Cullman Center Institute for Teachers: The Intimacies of Racial Slavery, July 31-August 4
Saidiya Hartman, Instructor
This is a week-long seminar taking place from July 31st to August 4th, 2017.
The deadline to apply to the summer seminars has passed.
This course will examine the experience of enslavement by focusing on the lives of enslaved women. The bodies of black women created the legal foundation for racial slavery in Anglo-America. The womb was the key site in the reproduction of property and the making of human commodities. Sexuality was the heart of power in the relationship of master and slave. Intimacy, sexuality and kinship were disfigured by the extreme violence and dishonor of the institution; and, at the other extreme, the concubines and offspring of slave owners were those most likely to be freed.
In the seminar, we will read the classic nineteenth-century narratives of slavery: The History of Mary Prince and Incidents in the Life of A Slave Girl, as well as excerpts from The Narrative of the Life of Frederick Douglass and Twelve Years A Slave. In addition to the narratives, we will read short essays, and chapters from secondary historical sources, which may include Laboring Women, Bound to Wedlock, The Price of Their Pound of Flesh, Out of the House of Bondage and Dispossessed Lives. The goal of the seminar is to engage critically the meaning of sexuality, reproduction, motherhood, intimacy and domination in slaveholding societies. We will also consult primary documents: ship’s ledgers, wills, bills of sales, and legal cases, to excavate and reconstruct the texture of enslaved lives.

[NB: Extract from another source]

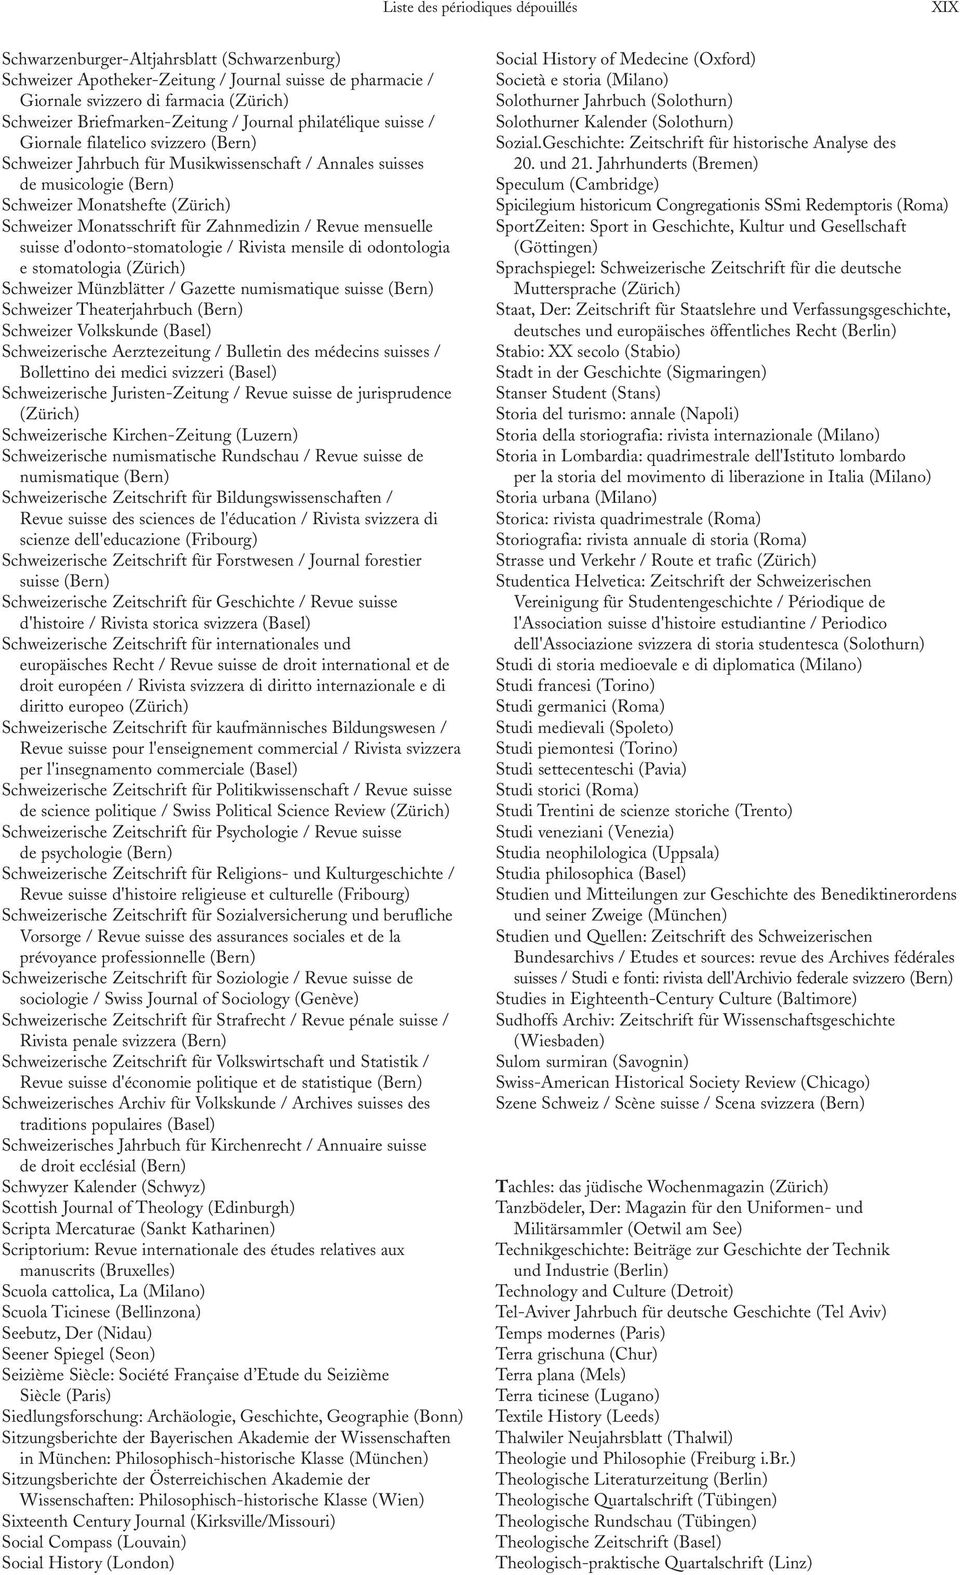 Schweizer Monatsschrift für Zahnmedizin / Revue mensuelle suisse d'odonto-stomatologie / Rivista mensile di odontologia e stomatologia (Zürich) Schweizer Münzblätter / Gazette numismatique suisse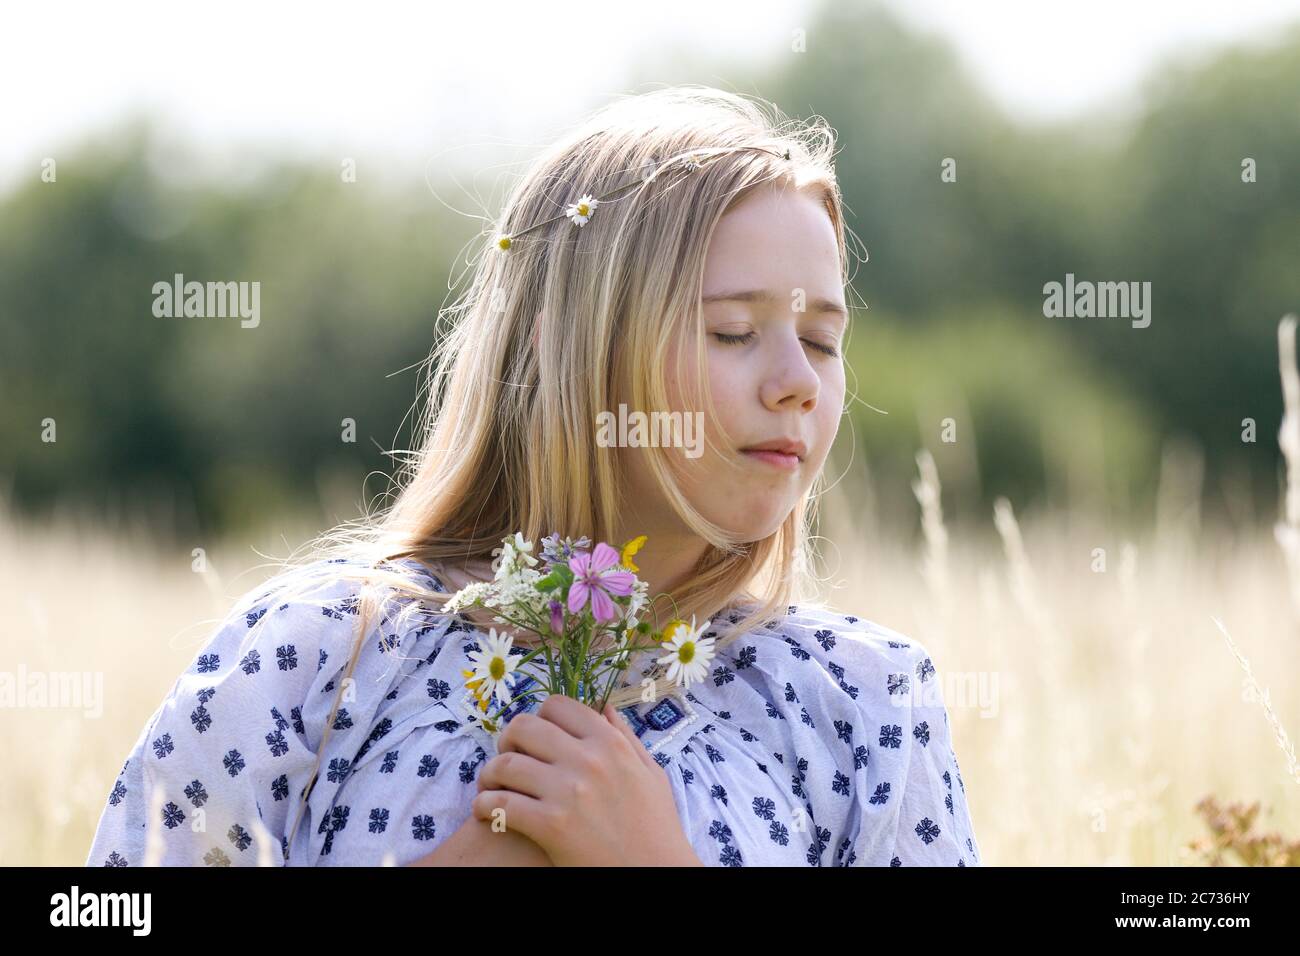 Una giovane ragazza hippy graziosa con una catena a margherita nei suoi capelli biondi tiene un poy dei fiori selvatici nel sole in un campo di pascolo in estate. Foto Stock

Saidiya Hartman is the author of Lose Your Mother: A Journey Along the Slave Route and Scenes of Subjection: Terror, Slavery and Self-Making in Nineteenth Century America. She is a Professor of English and Comparative Literature at Columbia University and has received Fulbright, Rockefeller, and Whitney Oates Fellowships. The book she will work on at the Cullman Center, Wayward Lives, Beautiful Experiments, examines the sexual upheavals and radical transformations of daily life that took place in the slums of Philadelphia and New York in the years between 1890 and 1930.